Взбив подушку, словно та была виновата в ее беспокойстве, Фрэнки опять упала на кровать и уснула. Тени удлинились, сместились и поползли по полу и по мебели. За стеной заскреблась мышь. Вдали послышался крик лисы, а может, волка. Сестры наконец-то дышали в унисон, словно придя к согласию. И все же в сон Фрэнки просочился шелестящий шепот. «Sono qui. Io sono qui per te, Франческа. Я здесь. Я здесь ради тебя».

Конечно же, она слышала не мамин голос, а мой. Потому что мертвые никогда не спят.

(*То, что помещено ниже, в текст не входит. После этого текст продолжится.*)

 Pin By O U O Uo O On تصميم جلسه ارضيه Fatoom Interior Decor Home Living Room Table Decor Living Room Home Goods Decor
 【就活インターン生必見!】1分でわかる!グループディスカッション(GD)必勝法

У нас так много других дел…

1941 год

«Хранители»

Богоматерь вечной скорби

На «Приют Ангелов-хранителей» падал дождь со снегом, размывая очертания и придавая зданиям схожесть с особняками, подернутыми дымкой, словно с обложки какого-нибудь дешевого готического романа вроде «Капли яда» или «Секретов, которые нельзя хранить». Я, как всегда, пролетела мимо большого здания, где жили старшие дети, прямиком к Дому малютки. Кроватки там стояли ровными рядами, как могильные камни. Наверное, поэтому меня так влекло к ним, этим маленьким колыбелям жизни. Из-под одеял выглядывали личики младенцев. Новорожденные крепко зажмуривали глаза и, как котята, подрагивали во сне. Они сучили ножками и сосали кулачки, словно те были намазаны медом.

Я по очереди заглянула в каждую кроватку.

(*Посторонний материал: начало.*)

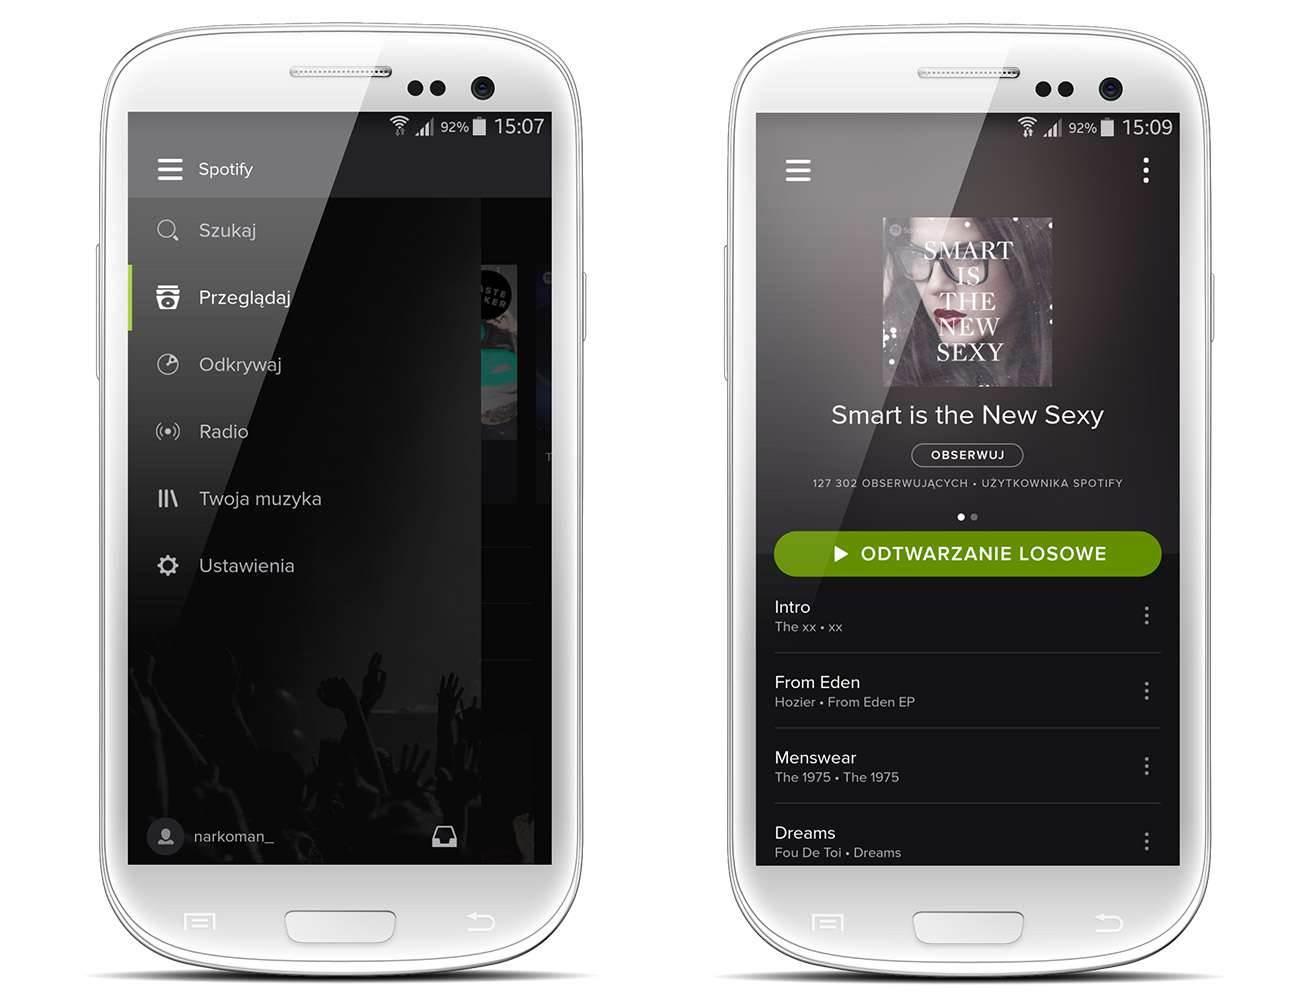 Spotify.onetech.pl

«Привет, малыш! – приветствовала я каждого. – Доброе утро, очаровашка!» Как и другие люди, иногда они меня слышали, иногда – нет. Если слышали, то их губки открывались и закрывались, словно они хотели сказать мне, что голодны. И хотя я не могла испытывать голод так, как они, это ощущение было мне знакомо. Я знала, как это больно. «Скоро, – сказала я им. – Скоро придут монахини, они накормят вас, и голод пройдет».

Не исключено, что это ложь. Но они всего лишь младенцы. Скоро они познают горнило этого мира.

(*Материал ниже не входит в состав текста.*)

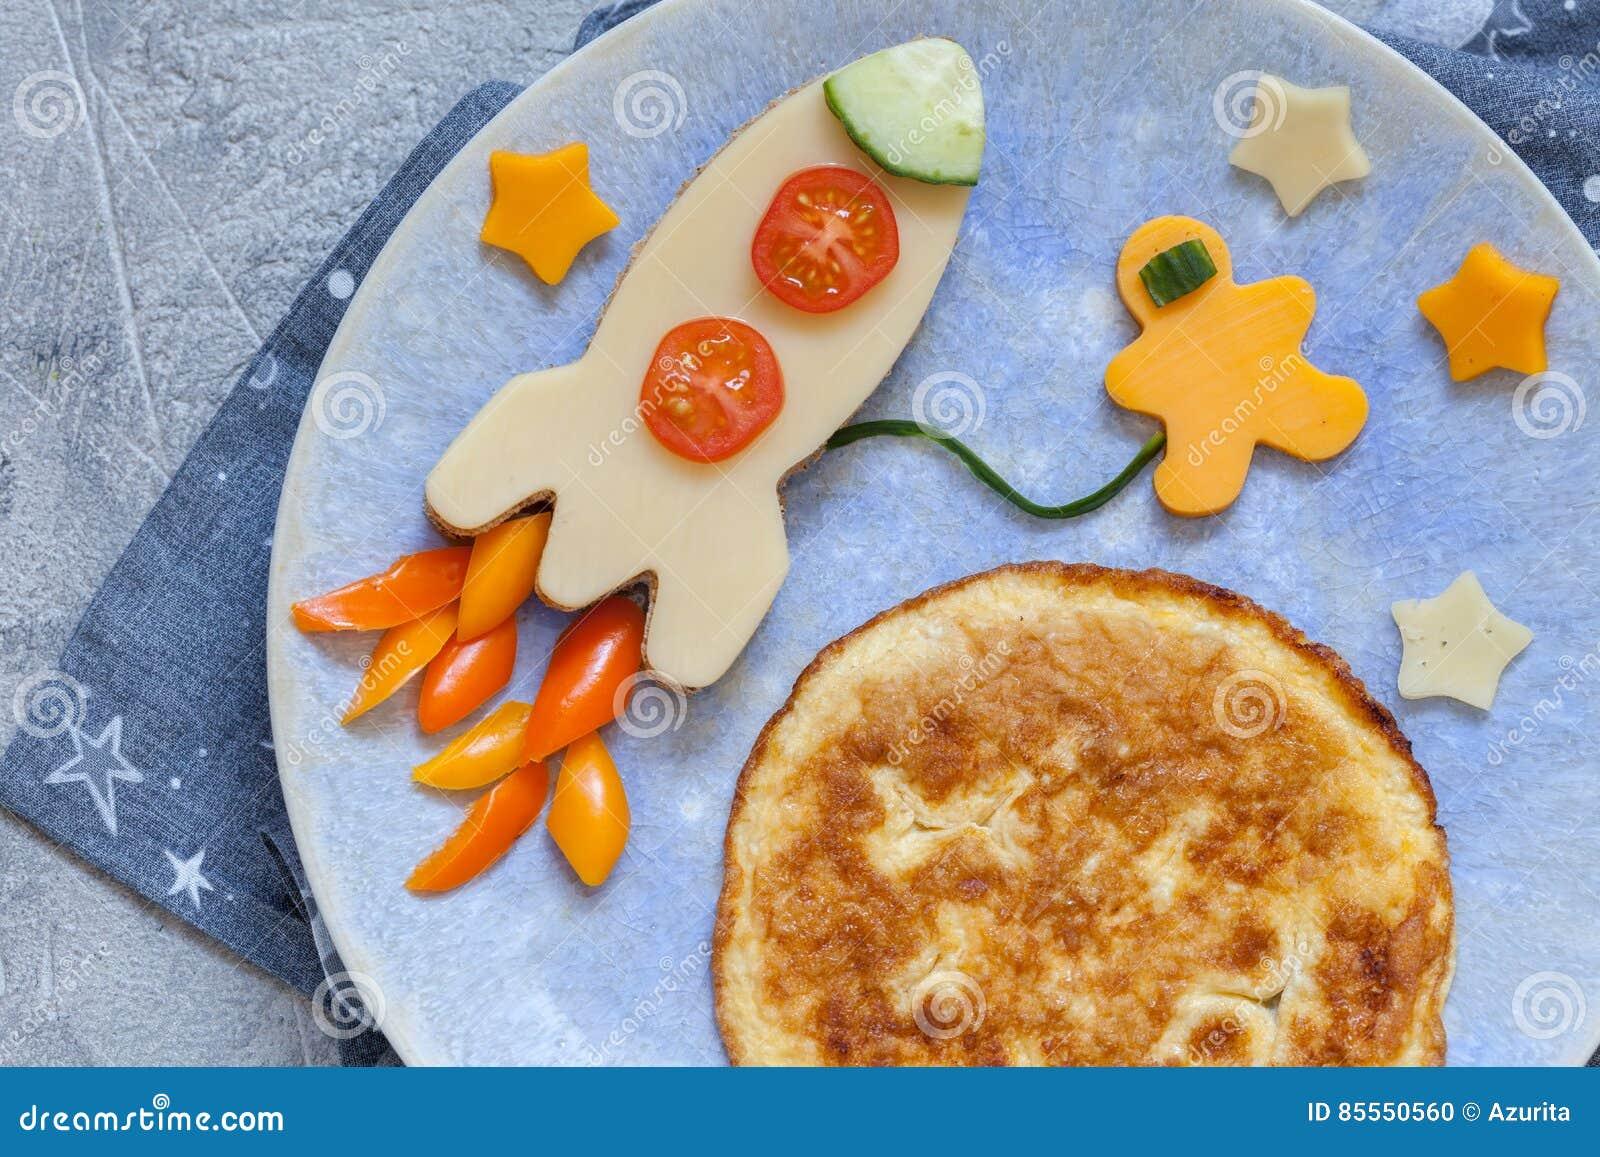 Lustiges Frühstück mit Käsesandwich und einem Omelett

Пройдясь по Дому малютки, я переместилась в другие коттеджи, которые сестры называют общежитиями. Здесь спят дети постарше. Мальчики и девочки живут отдельно, поэтому я навещаю девочек. Шестилеток с прилипшими к потному лбу волосами, десятилеток, запутавшихся в скомканных простынях, как какой-нибудь Гудини, а потом девочек-подростков с кудряшками, намотанными на клочки бумаги, с расслабленными во сне лицами. Я говорю и с ними, рассказываю, как чудесно будут выглядеть их волосы, когда они причешутся; что однажды, скорее, чем они думают, кто-то будет пропускать сквозь пальцы эти локоны, а девочки будут желать, чтобы это никогда не прекращалось, никогда-никогда. Как и младенцы, иногда они меня слышат, но чаще всего – нет. Время от времени какая-нибудь девочка просыпается и смотрит прямо на меня, и мне на секунду кажется, что она меня видит, что я здесь, осязаемая и настоящая, как и все. Затем девочка моргнет и недоуменно нахмурится. Может, потрет виски или посмеется над собой. Позже расскажет подружкам, что слышала, как ночью кто-то бормотал шипящим и щелкающим голосом, словно батарея отопления.

Меня воодушевляло, когда меня слышали. Я приходила поговорить с этой девочкой и следующей ночью, и еще раз. Я дергала под ней простыни, проводила ледяным пальцем по ее руке, щекотала ступни. Монахини наверняка начнут спрашивать, почему она сбрасывает одеяла, несмотря на холод, неужели хочет заболеть? И девочка будет клясться, что ничего не сбрасывала, что кто-то все время бормочет и тычет в нее, что здесь водятся ду´хи. Монахини поцокают языками и заявят, что нет никаких ду´хов, кроме Духа Святого, и это все россказни, чтобы пугать глупых детей.

Но если бы кто-то в приюте проснулся сейчас и увидел в углу свернувшуюся калачиком фигурку, то вознес бы другую молитву, какую говорят, прижав к губам руку тыльной стороной ладони: «Пресвятая Матерь Божья…»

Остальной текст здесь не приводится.